Our results can also be interpreted by the above reasons. The BMP-2 expression of the APT group was slightly higher than in the UPT group, which may be attributed to the effect of surface nanostructures. Though no new bone formation was found directly, new blood vessels were formed in the HAPT group, and the new vessels or peripheral tissues can offer the mesenchymal cells for osteoinductivity. Moreover, the BMP-2 concentration in the HAPT group was significantly higher than in the other two groups, indicating the HAPT treatment can upregulate BMP-2 expression. The possible reason is that the surface anatase TiO2 nanotubes in the HAPT group and the unique crystal forms excited the BMP-2 expression and thereby promoted new bone formation. The above analysis suggests microstructures and crystal form can affect osteoinductivity, and the nanostructured TiO2 crystal form is probably more contributive to osteoinductivity. Moreover, osteoinductivity may also be related to the micropore structures of porous titanium. Fukuda, et al. investigated how the edge length of squared open pores (500, 600, 700, 800, 900, or 1200 μm) affected osteoinductivity and implanted the specimens after alkali thermal treatment to dog back muscles and found the osteoinductivity was higher at the edge length of 500 and 600 μm, indicating osteoinductivity is associated with pore size [33]. Zhang, et al. studied the osteoinductivity of calcium phosphate and found the macropores at hundreds of micrometer and the inner wall microscale micropores were important reasons for the osteoinductivity [28-30]. In our study, the porous titanium after anodic oxidation and thermal treatment was found with both macropores at hundreds of micrometer and nanoscale or microscale micropores, which may be one of the reasons for the osteoinductivity.
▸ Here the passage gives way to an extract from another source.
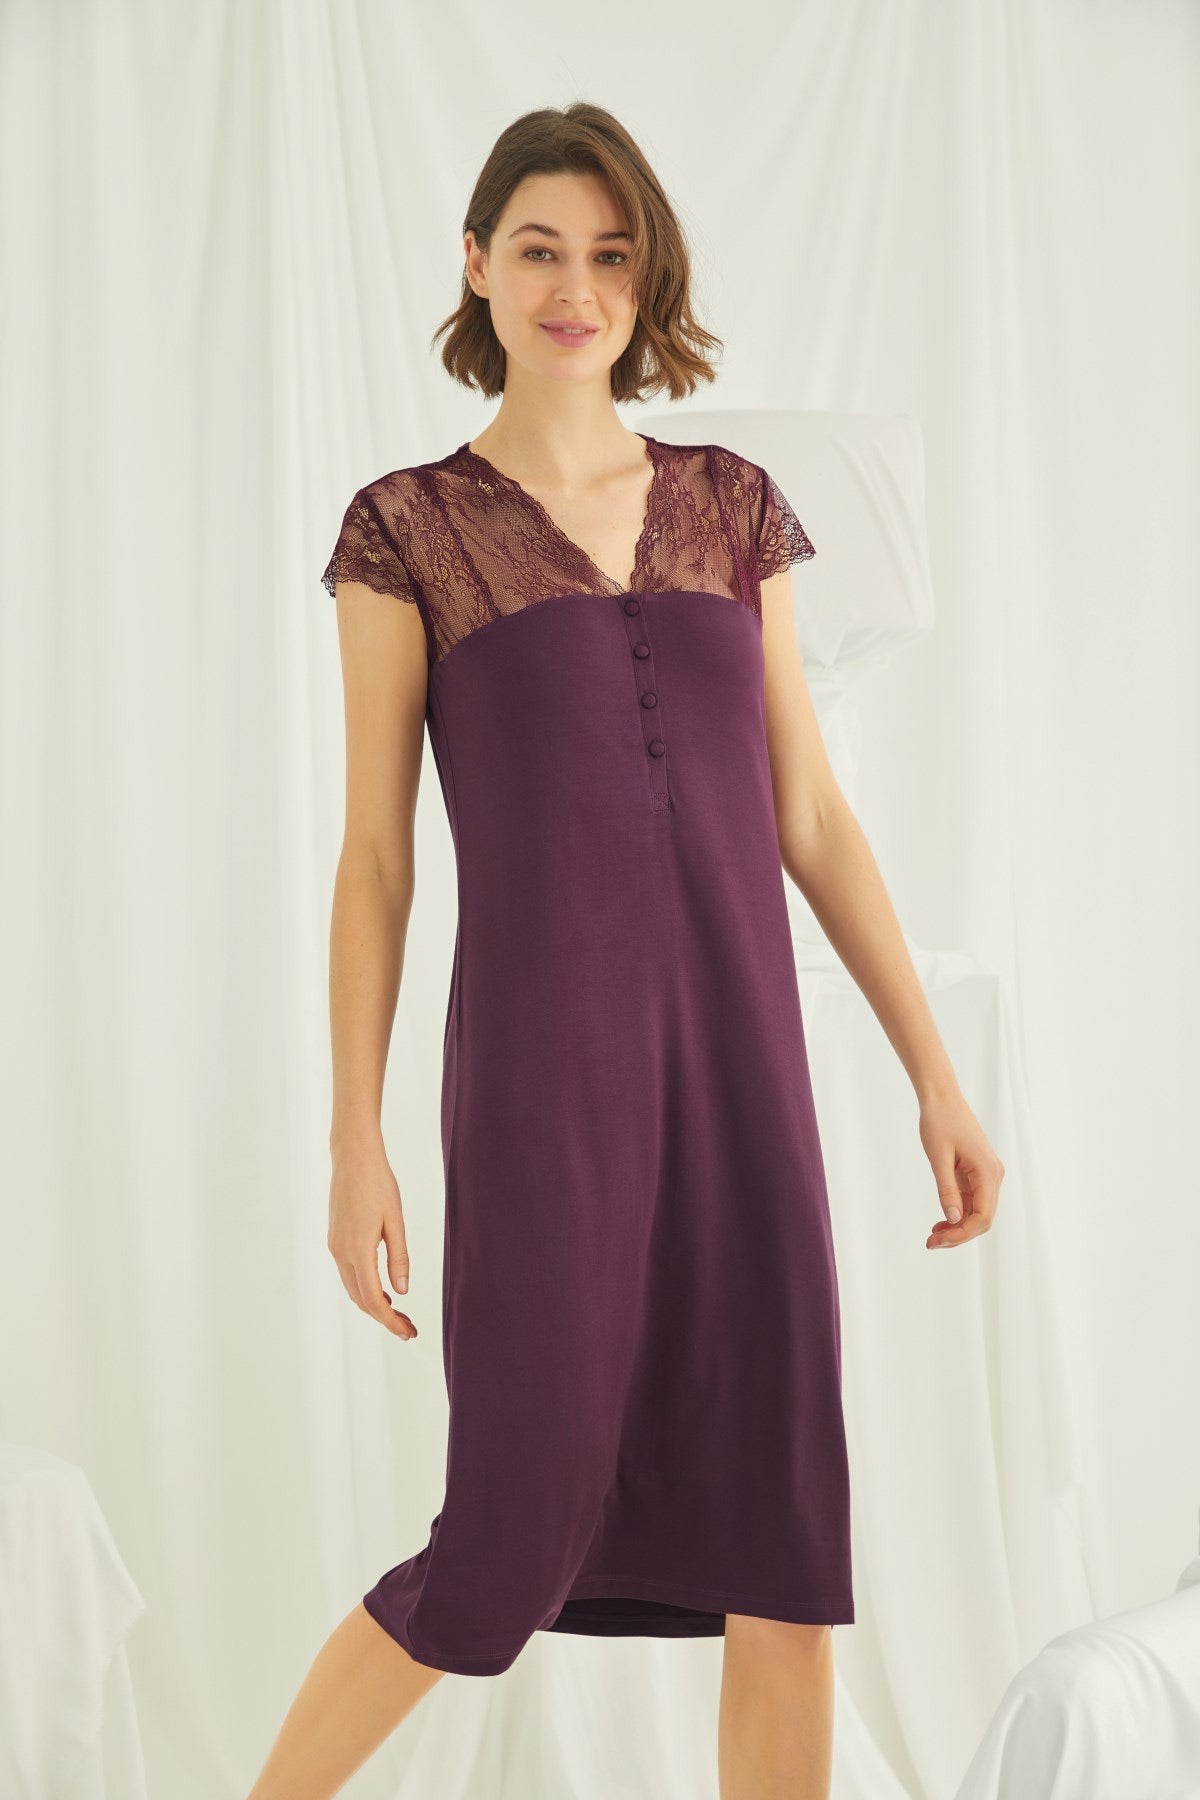 Lace V-Neck Plus Size Maternity & Nursing Nightgown Claret Red - 18458
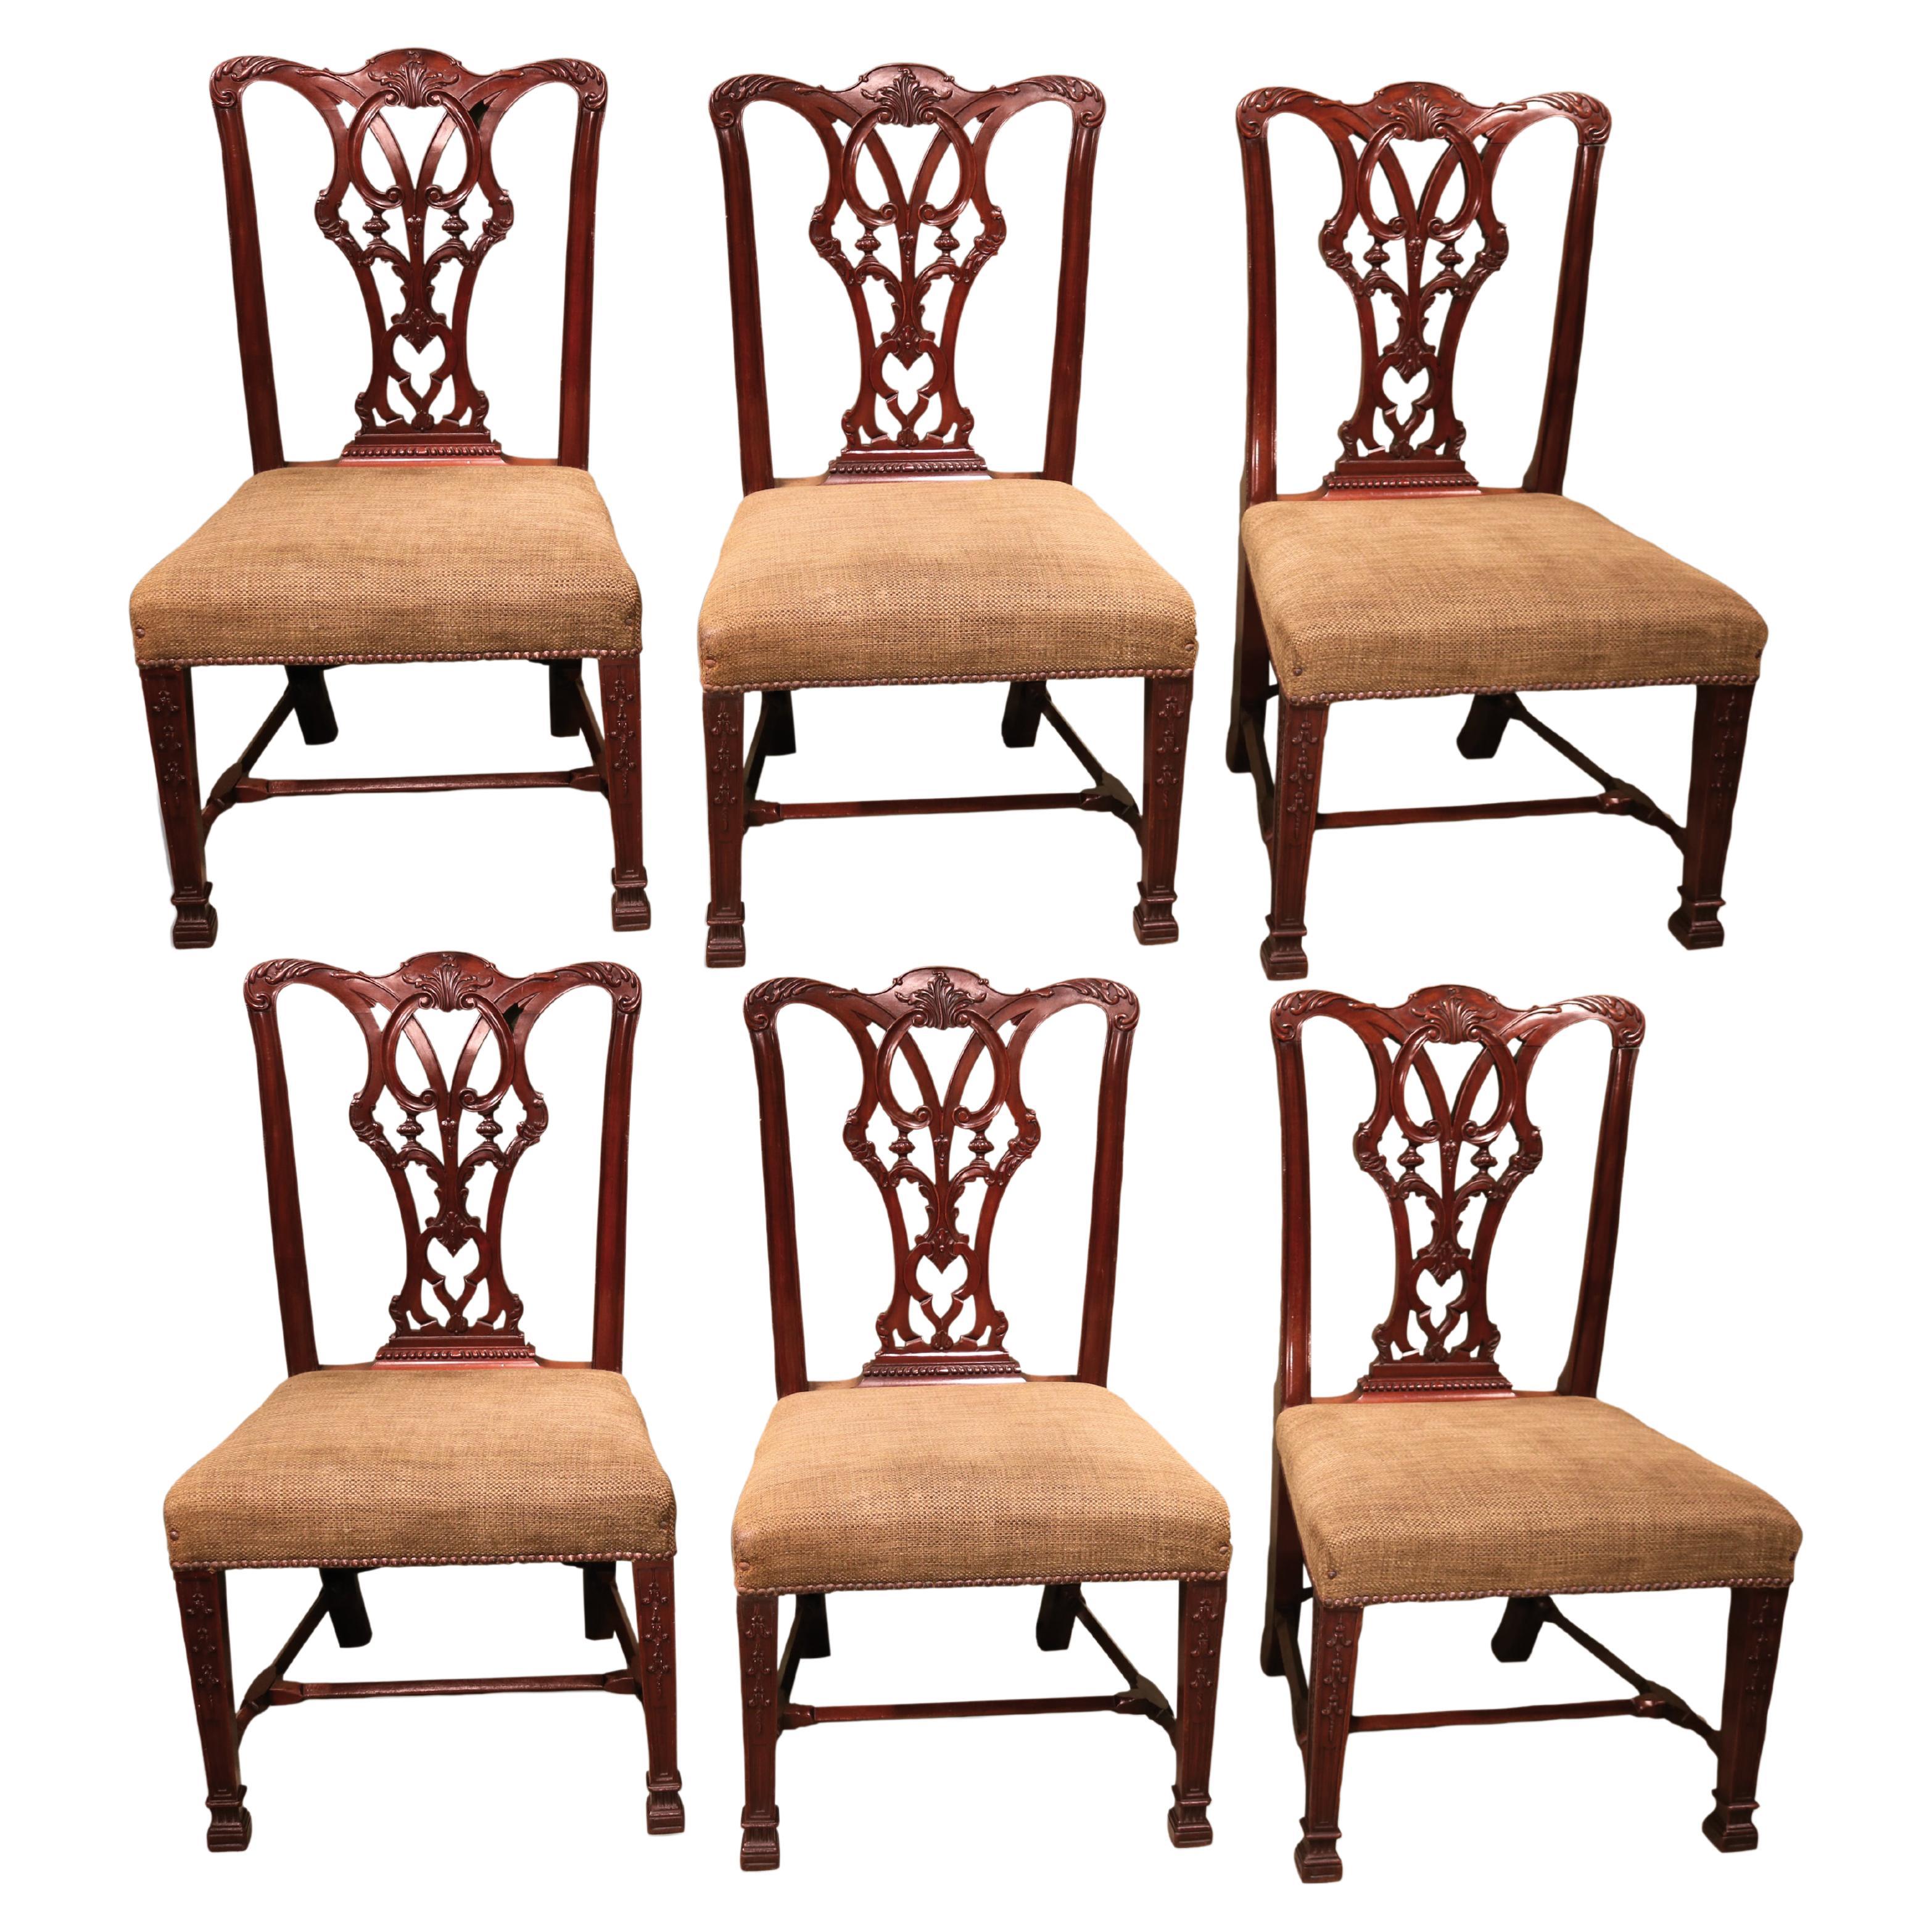 Set of Six 19th Century Chippendale Style Single Mahogany Chairs

In-vitro bionic mineralization experiments showed the microstructured anatase porous titanium formed after anodic oxidation and thermal treatment was more able to induce hydroxyapatite formation. In-vivo experiments showed the porous titanium was highly biocompatible in the muscles. Though no new bones were directly found at 6 months after the implantation, the microstructured anatase porous titanium formed after anodic oxidation and thermal treatment induced blood vessel growth and promoted BMP-2 expression, which indicated the potential osteoinductivity.